I struggled with a direction. My love for music knew no prejudice towards a specific style
yet I needed to do what my ability would yield and most importantly be myself so I could, in my
music, reflect myself and then one day I heard a song. It was something strange to my ear but it
was beautiful. The wail of the harmonica the wine of the lap steel guitar. It was country music,
the classic, rugged, raw, and honest country music. I could sing along and play along and the
stories evoked such emotion. I was put in the shoes of a million people and felt all their
experiences just by hearing the various stories of these songs that were new to me. This was my
direction and on no other path could I have been more myself.

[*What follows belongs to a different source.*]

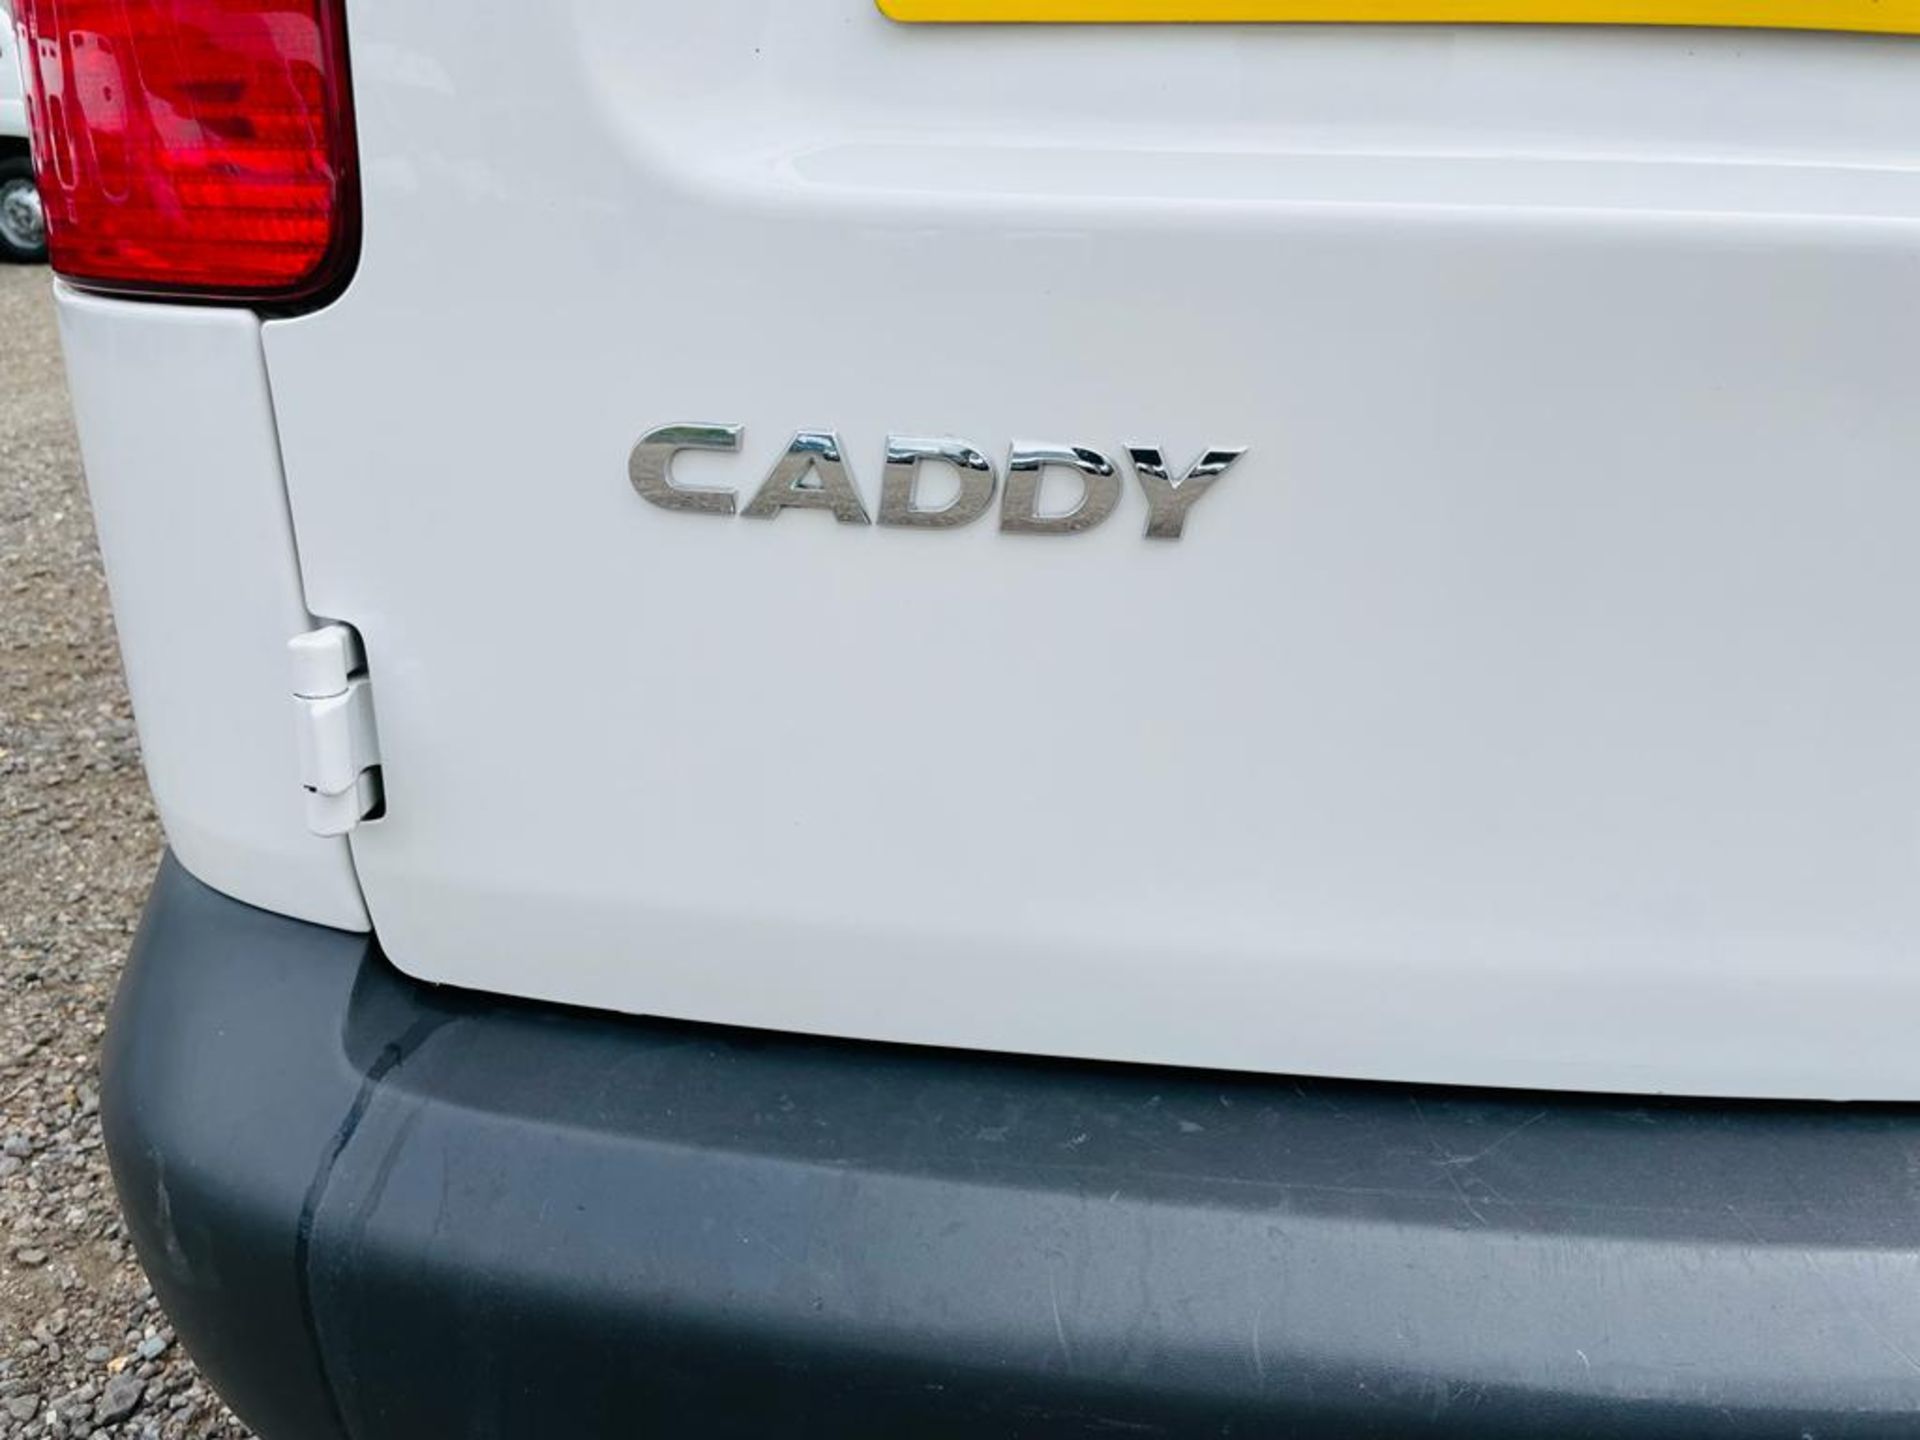 ** ON SALE ** Volkswagen Caddy C20 1.6 TDI StartLine 102 2015 '15 Reg' Panel Van - Very Economical - Image 14 of 27

I wailed on the harmonica, I strummed my guitar. I embraced the deep baritones of my
voice and began telling stories in my lyrics. I told tales that were of my experience and tales of
the experience of others all with the purpose of communicating and creating something that
made someone else somewhere feel something. I had found not only a sound but in doing this I
began to better find myself and understand who I am. Each song I write, each song I play is a
reflection of me and just as when I listen, each time I play music I experience it and in this great
raw honesty I get to connect with those who lend an ear. The human experience, our pains, our
joys are common and mostly shared so as I speak of these things I get to connect with another
person perhaps even a stranger and to me it is a great statement to the human experience and to
sharing this world and to love and life and most importantly it reminds me that those around me
are my fellows and we will always share the bond of being human.